Елена Николаевна внимательно слушала отца Фатимы, и когда тот после многословных и сбивчивых тирад замолкал, осведомлялась:
– Вы все сказали?
Но Гусманов вновь возмущенно взмахивал руками и высказывал претензии ко всем и вся, начиная от районной управы и администрации рынка, которые не дают им, честным торговцам, нормально жить и, кончая, конечно, школой где третируют его дочь. Наконец, он выплеснул все окончательно, и слово взяла Елена Николаевна:
– Вот что я вам скажу, Магерам Муслимович, то что случилось сегодня, конечно безобразное явление, но вы вините исключительно одну сторону, и совершенно не желаете обратить внимание на весьма вызывающее поведении вашей дочери.

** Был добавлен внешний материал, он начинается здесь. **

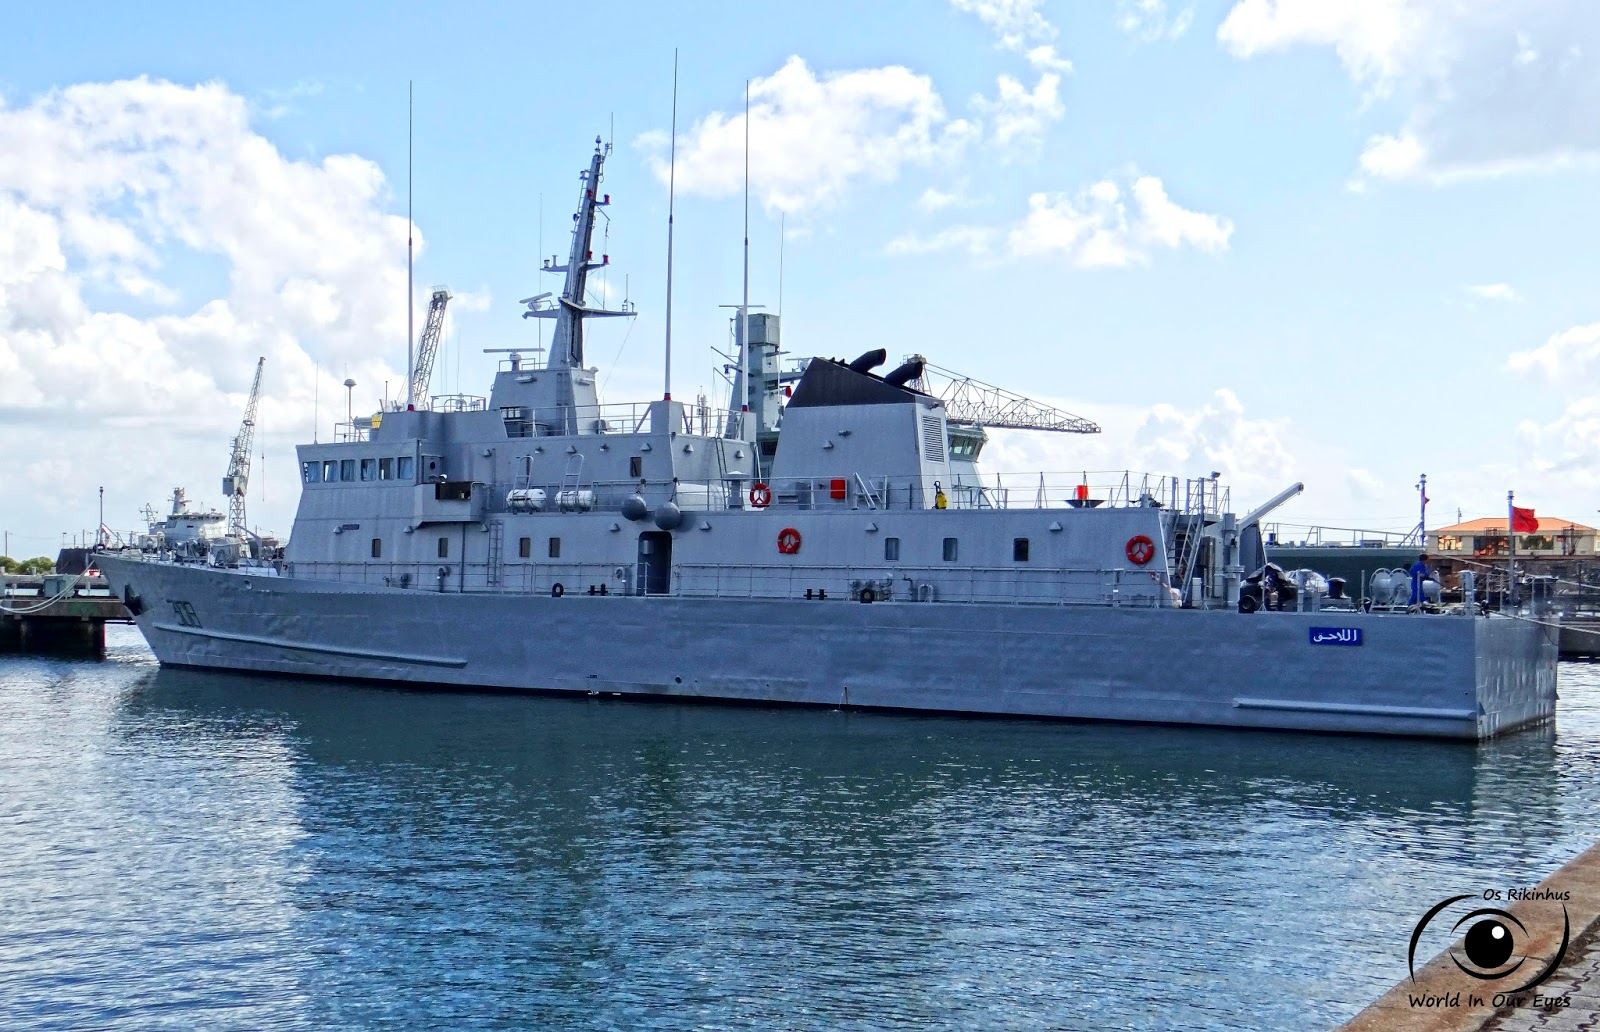 Royal Moroccan Navy Patrol Boats / Patrouilleurs de la Marine Marocaine - Page 13 DSC05136%2BP.H.M%2BEllahiq

– Какой такой поведение, о чем вы? – искренне не понимал завуча Гусманов.
– Ну, как же, ведь ей эти обидные слова мальчик сказал лишь после того, как она не менее грязно оскорбила двух русских девочек, да и татарку тоже. Так что, как я думаю, вина здесь поровну, и наказание, если уж на таковом настаивать, тоже должно быть поровну.
– Ай… какой девочки, что она им такой сказал, ничего не сказал, пошутил просто. А татарка… она просто поучить ее хотел, как должна себя вести хорошая мусульманская девочка, – по-прежнему ни чуть не сомневался в правоте Фатимы Гусманов-старший.
– Ну, вот опять вы только свою правду видите, а чужой для вас нет. Ваша дочь публично, при свидетелях фактически обозвала проститутками двух хороших девочек, из уважаемых семей. У одной из них, кстати, отец довольно высокопоставленный чиновник в районной управе, – как бы между прочем, выдала информацию к размышлению Елена Николаевна.
– Хорошие девочки не позволят хлопать себя по заду, – возразил Гусманов, уже не так агрессивно, видимо информация о чиновнике из управы дошла-таки до его «возмущенного разума».
Елена Николаевна чуть усмехнулась и заговорила назидательным «лекционным» тоном:
– Знаете, у вас, у восточных людей есть очень эффективная форма защиты от посягательств на вашу внутреннюю жизнь. Словами это можно выразить так: где бы мы ни были, мы будем жить так как хотим и не смейте нам указывать. Очень действенная форма защиты. Но почему-то вы считаете, что вправе навязывать ваше понимание, что хорошо и что плохо, людям с другой ментальностью. Да, фамильярность, что возникла в последние годы в отношениях между нашими мальчиками и девочками, это не хорошо. Но наши дети хотят общаться так, как они общаются, и только их родители или их учителя имеют право их учить и делать замечания, а не ваша дочь, которая, судя по ее личному делу, сменила три школы в Подмосковье, а наша у нее уже четвертая.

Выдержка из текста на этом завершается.